Monthly Archives: January 2020

Dr. Irina Erman’s article “Nation and Vampiric Narration” appears in The Russian Review

Congratulations to Dr. Irina Erman on her new article in the top tier Russian Studies journal The Russian Review, Nation and Vampiric Narration in Aleksey Tolstoy’s “The Family of the Vourdalak”! The article is accessible online here

Dr. Erman’s summary of the article: “In this article, I examine the narrative and intertextual complexity of A. K. Tolstoy’s “The Family of the Vourdalak,” while taking note of Tolstoy’s extensive historical references and thus situating Tolstoy’s vampire story in its literary and historical context. I argue that Tolstoy’s emphatic historical references point to the story’s central focus on Russia’s relationship with Western Europe and the concomitant Russian anxieties about national identity and literary imitation.

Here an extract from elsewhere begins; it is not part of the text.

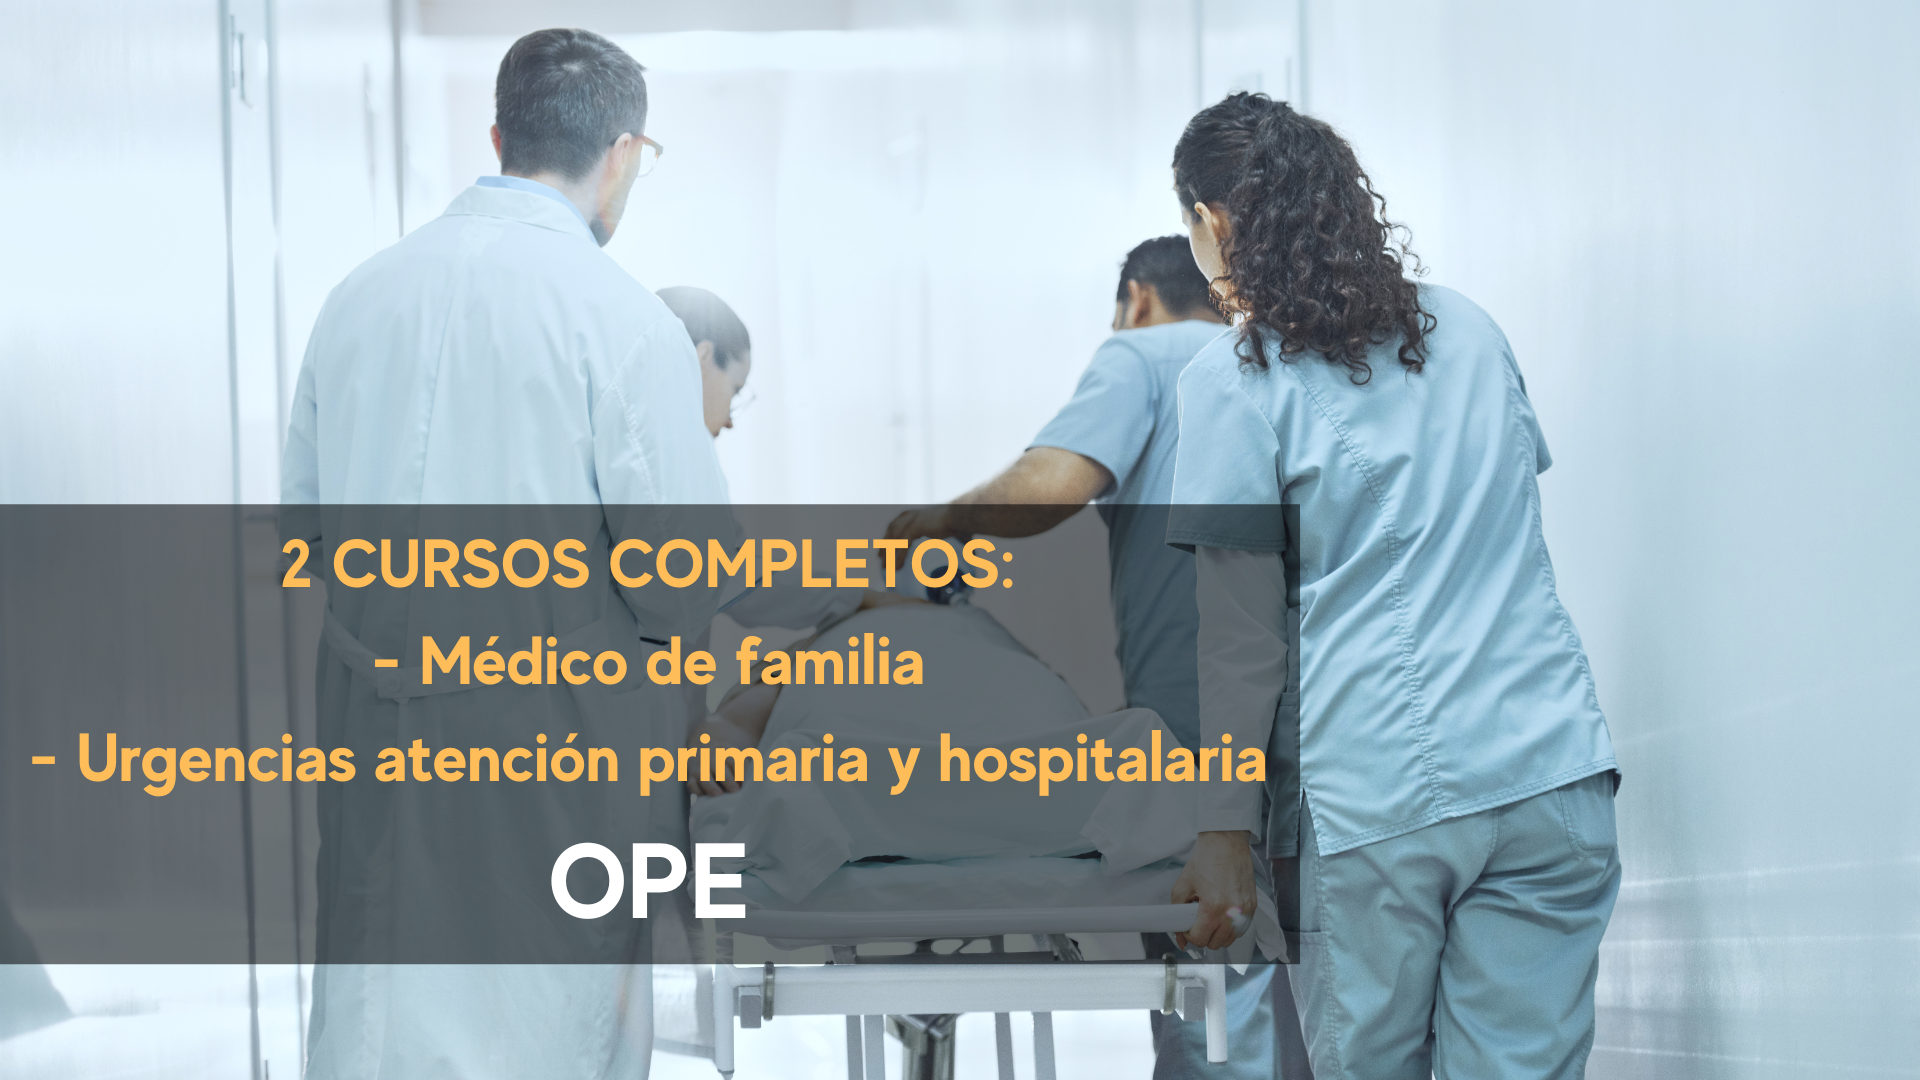 2 CURSOS COMPLETOS DE MÉDICO DE FAMILIA Y URGENCIAS ATENCIÓN PRIMARIA Y HOSPITALARIA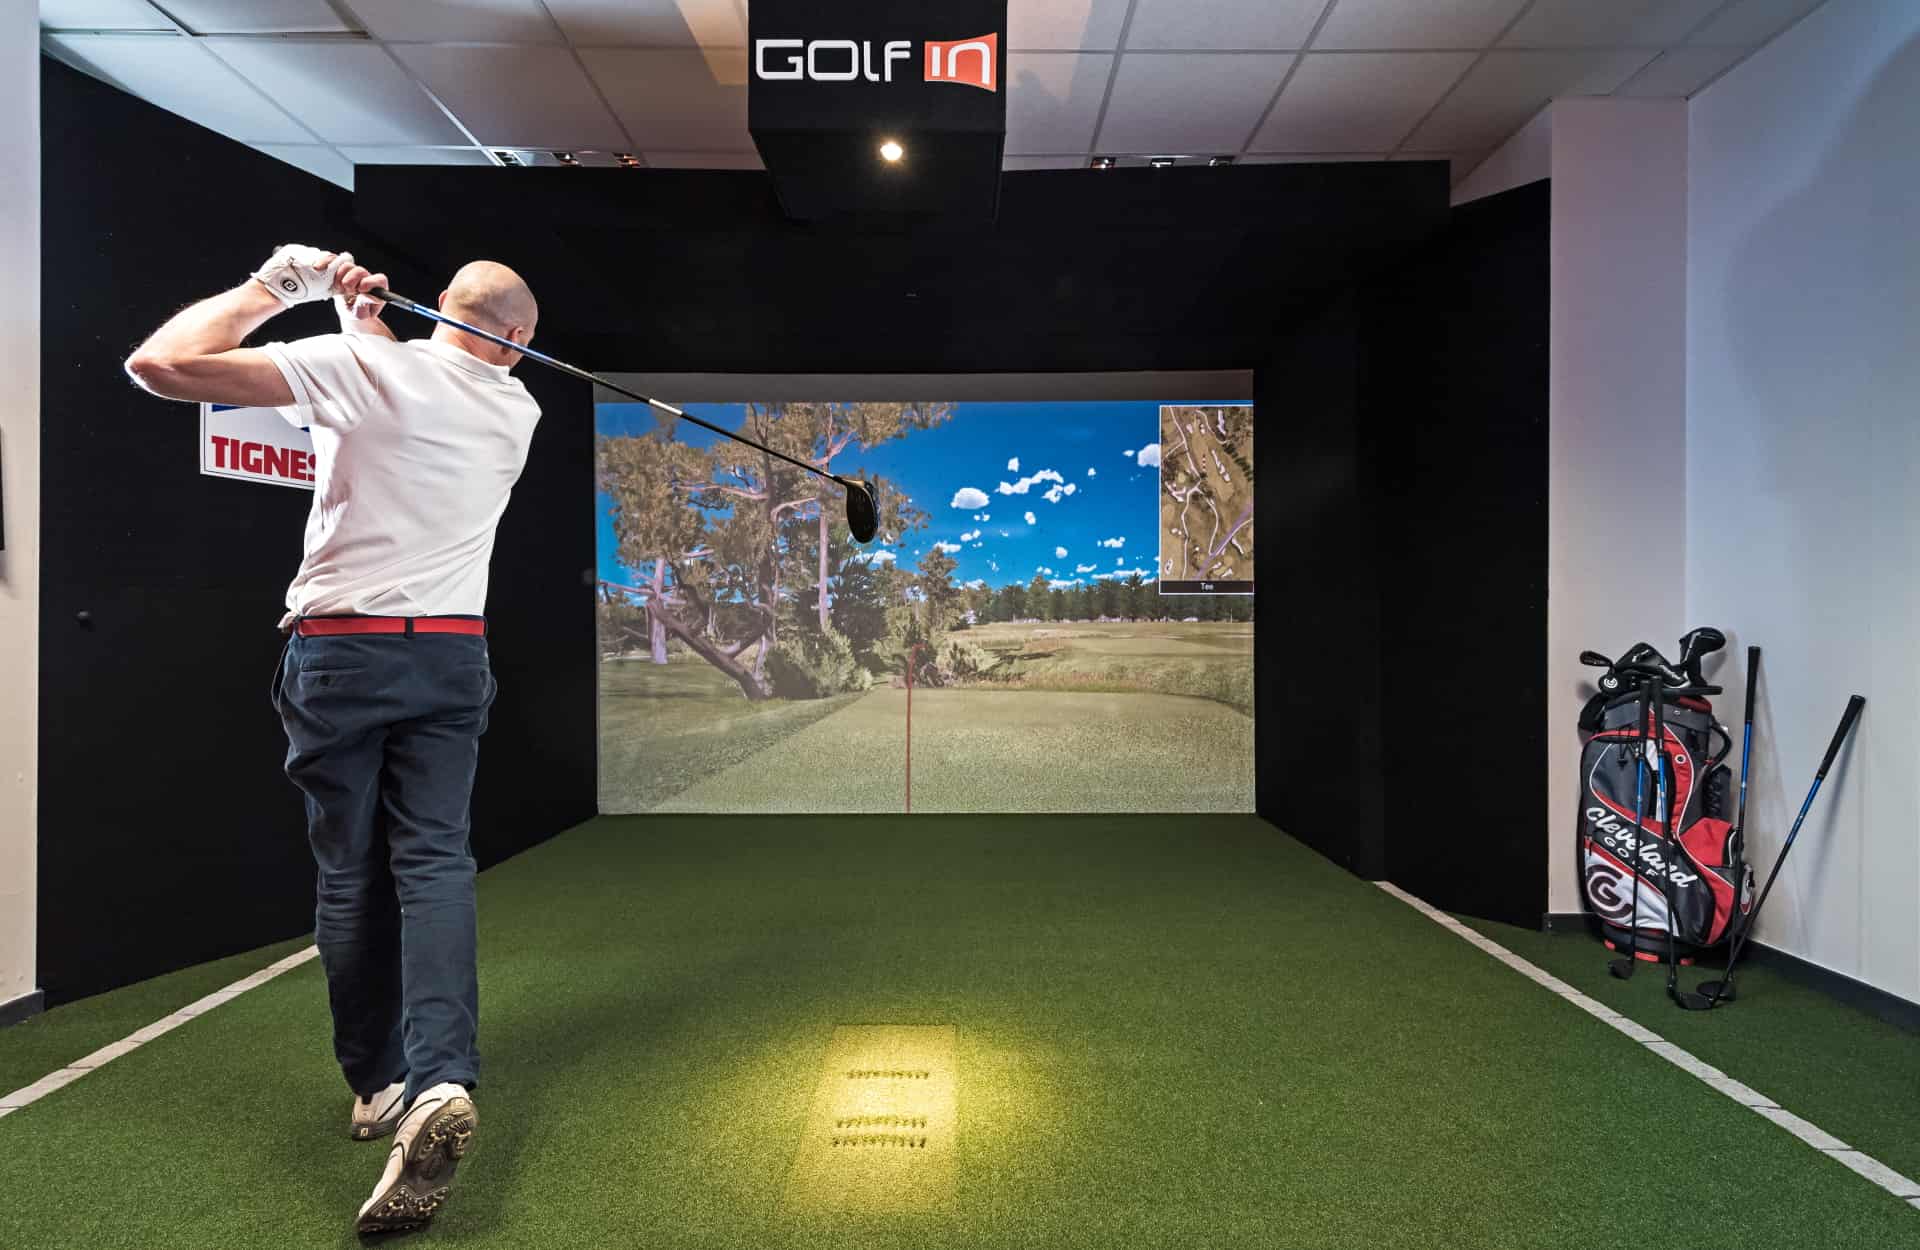 Simulateur de golf à Tignes Greg Mistral

By putting forward the concept of vampiric narration to explain Tolstoy’s mode of undermining his West European narrator’s control, this article demonstrates the way this story comments on, and ultimately subverts, the discourse about imitation and influence that infiltrated Russian letters from West European constructs about its East. Ultimately, Tolstoy’s “The Family of the Vourdalak” offers a meditation on the power of parody and creative appropriation that anticipates important literary‐philosophical concepts that emerge in Russia in the second half of the nineteenth century.”